(What is needed) An exact reproduction of all the data is needed, with no images in it.

(Given data)
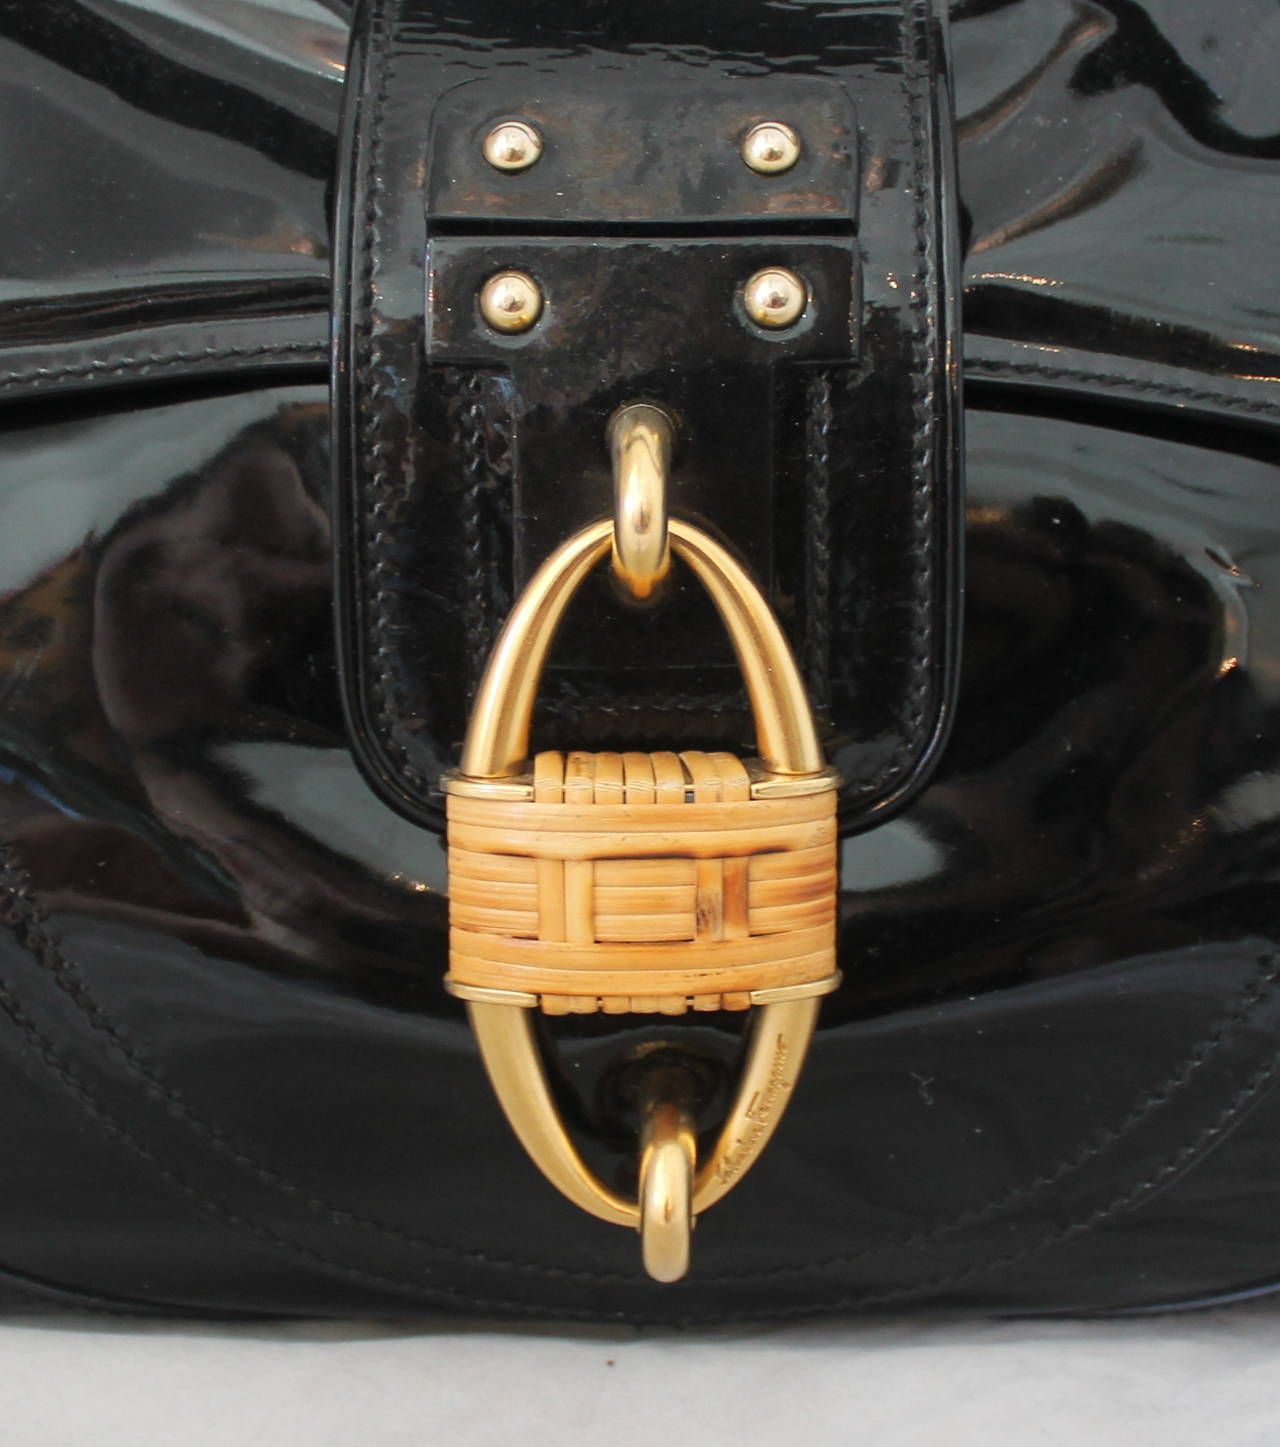 Salvatore Ferragamo Black Patent Leather Shoulder Bag with Gold Hardware and Bamboo Motif Clasp. This Bag is in Excellent Condition.

Measurements:
Height: 8 
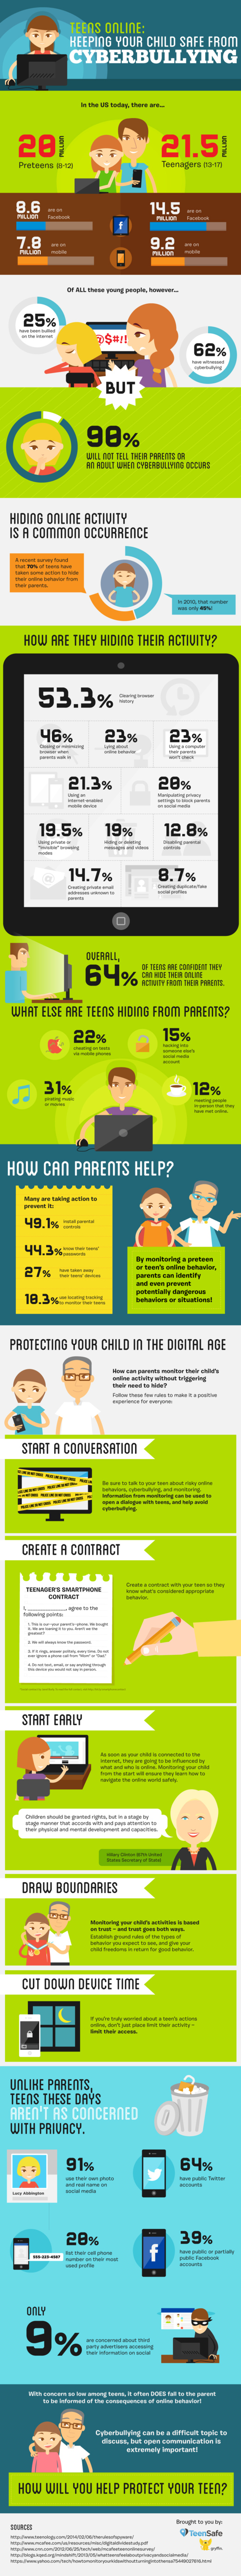 Keeping Children Safe from Cyberbullying

(Solution for this exercise)
 Salvatore Ferragamo Black Patent Leather Shoulder Bag with Gold Hardware and Bamboo Motif Clasp. This Bag is in Excellent Condition.

Measurements:
Height: 8 
 Keeping Children Safe from Cyberbullying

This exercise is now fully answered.